INDIANAPOLIS (AP) _ The state cannot force convicted sex offenders who live
near schools or other places frequented by children to move if they owned
their homes before passage of a state law restricting their residency, the
Indiana Court of Appeals has ruled.
The court said Tuesday that the 2006 law that prohibits convicted sex
offenders from living within 1,000 feet of a school, public park or youth
program center was unconstitutional in such cases.
The unanimous 10-page ruling upheld a Blackford County judge’s opinion,
holding that the state law was an ex post facto law that punished sex
offenders for behavior that was not criminal when it was committed — in this
case, home ownership.
“The residency statute clearly increases the penalty applied to affected sex
offenders by preventing those offenders from residing and taking full
advantage of their ownership rights in property acquired prior to conviction
and prior to the imposition of the statute,” Judge Paul D. Mathias wrote for
the three-judge panel.
The ruling came in the case of a man had owned his home for about 10 years
when he was convicted of a sex offense against a child in 1997. The man was
charged in January 2007 with violating the state’s sex offender residency
law. Blackford Superior Court Judge John Forcum dismissed the charge as
unconstitutional, and the state appealed.
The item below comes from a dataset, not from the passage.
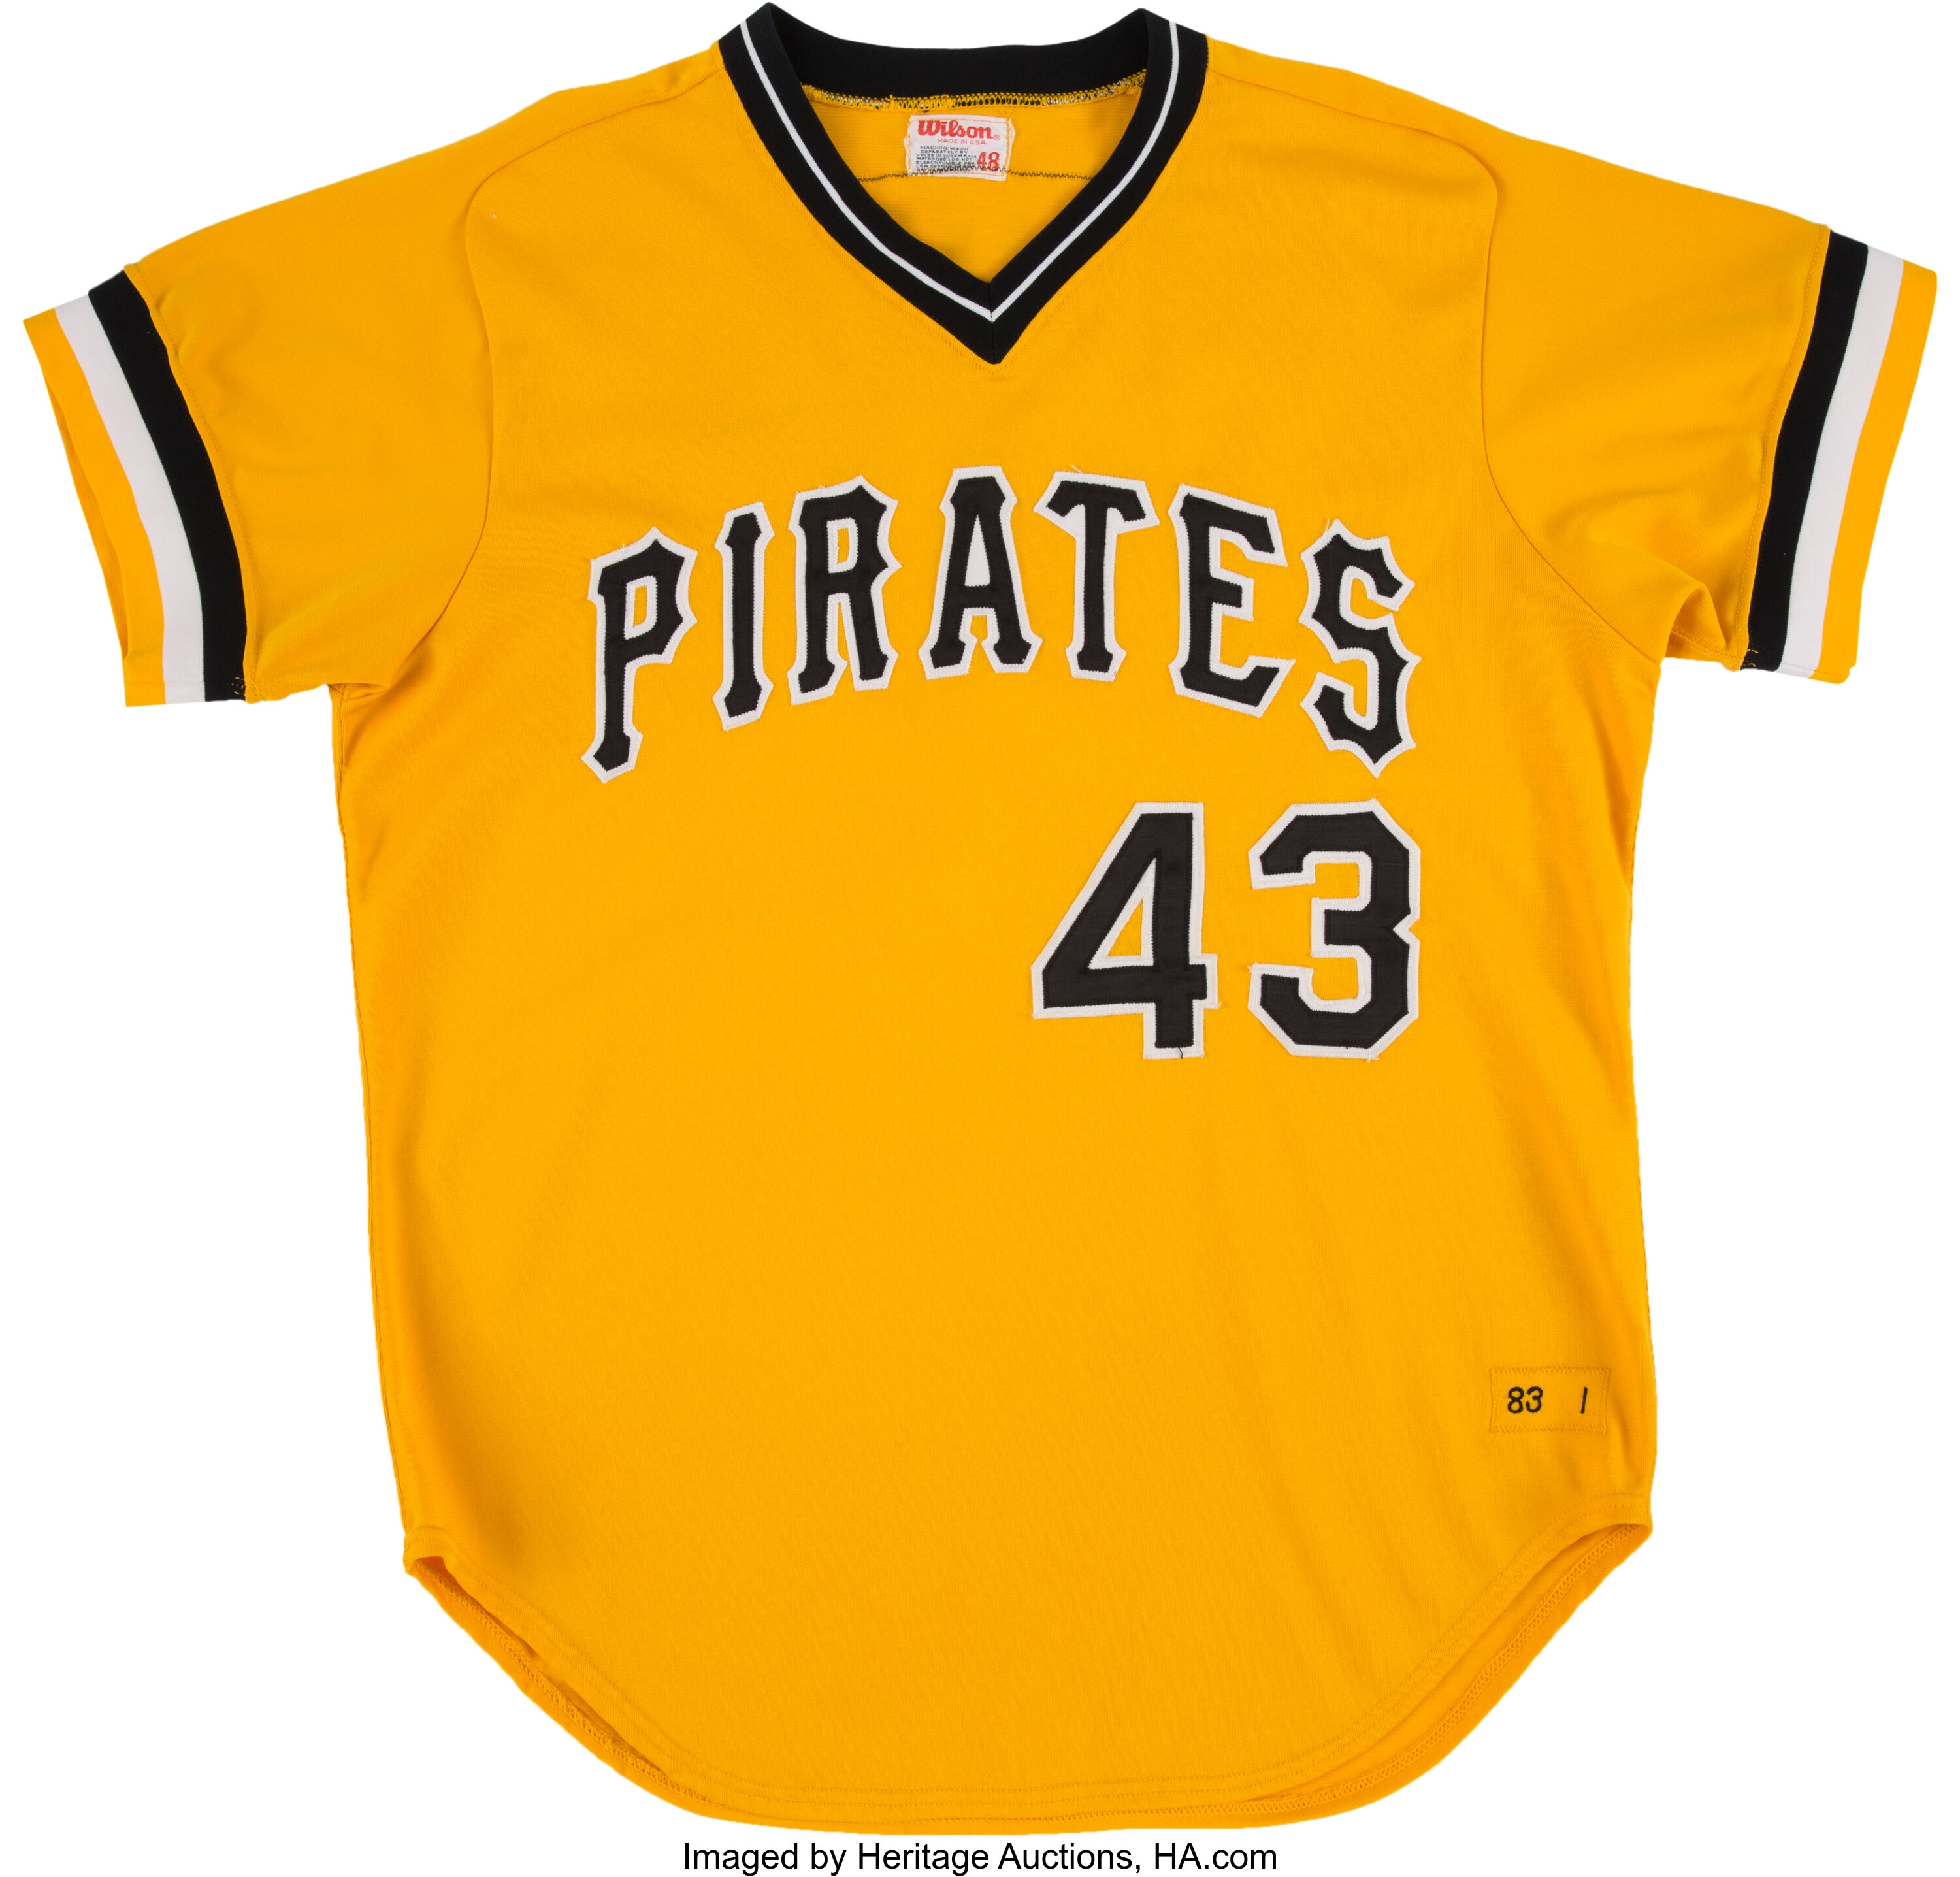 pittsburgh pirates game jersey
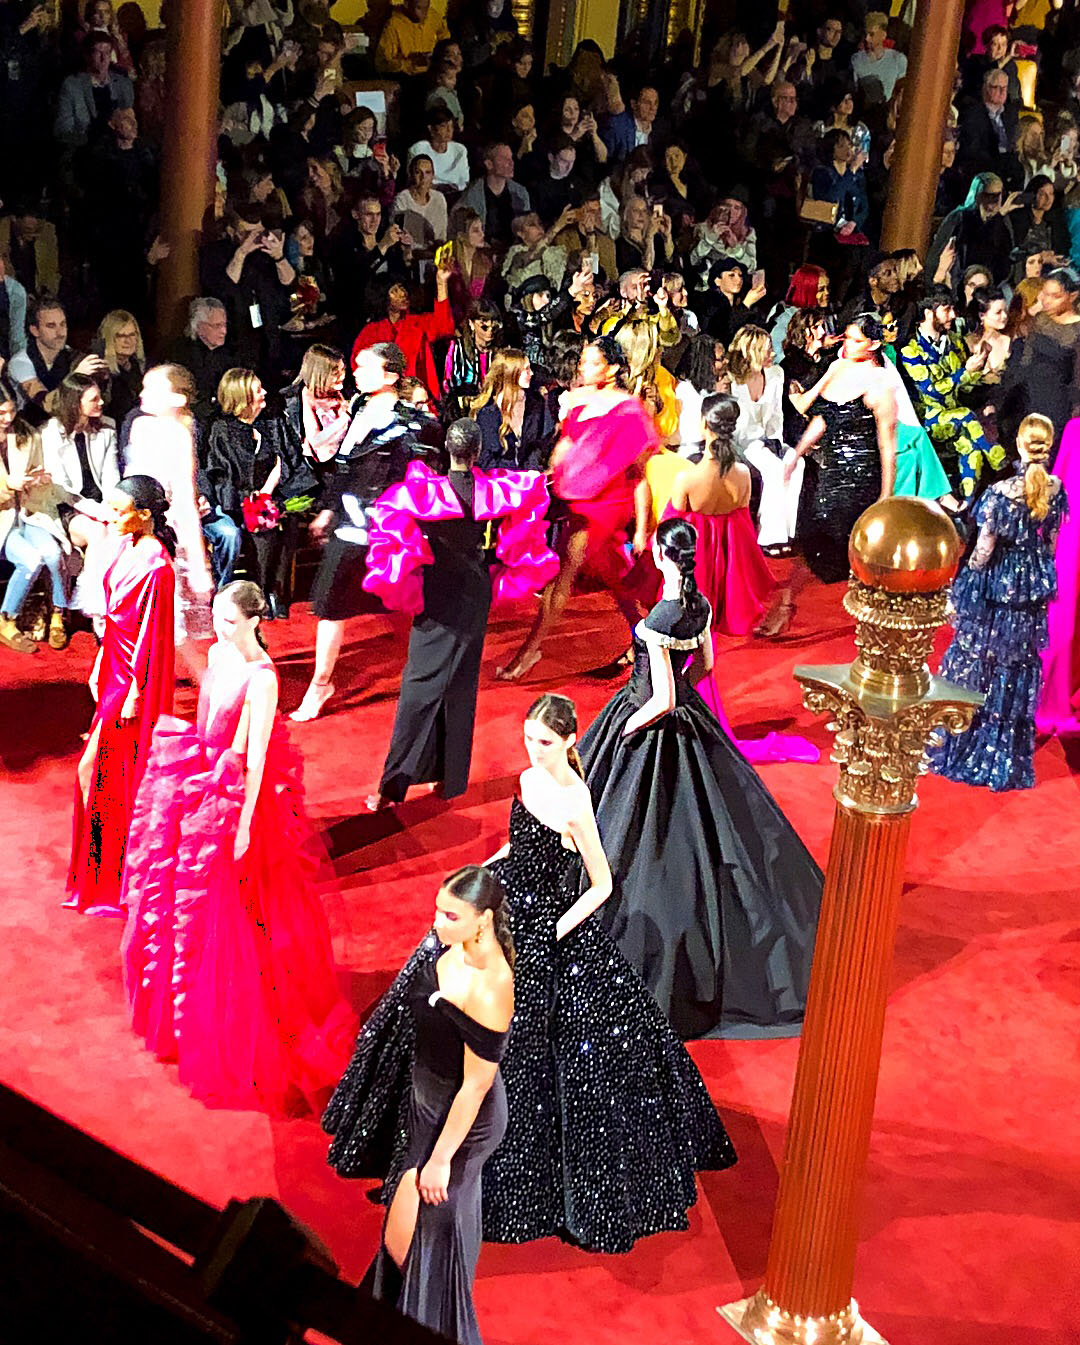 Christian Siriano New York Fashion Week Belle Meets World

State attorneys argued that the man’s rights weren’t violated because he
wasn’t charged with owning the home but with continuing to live there after
the residency law took effect.
The appeals court disagreed.
“That punishment restricts an ownership interest in property that Pollard
acquired before the statute came into effect; it is not just a potential
penalty for continuing to reside within the exclusionary zone after the
effective date of the statute,” Mathias wrote.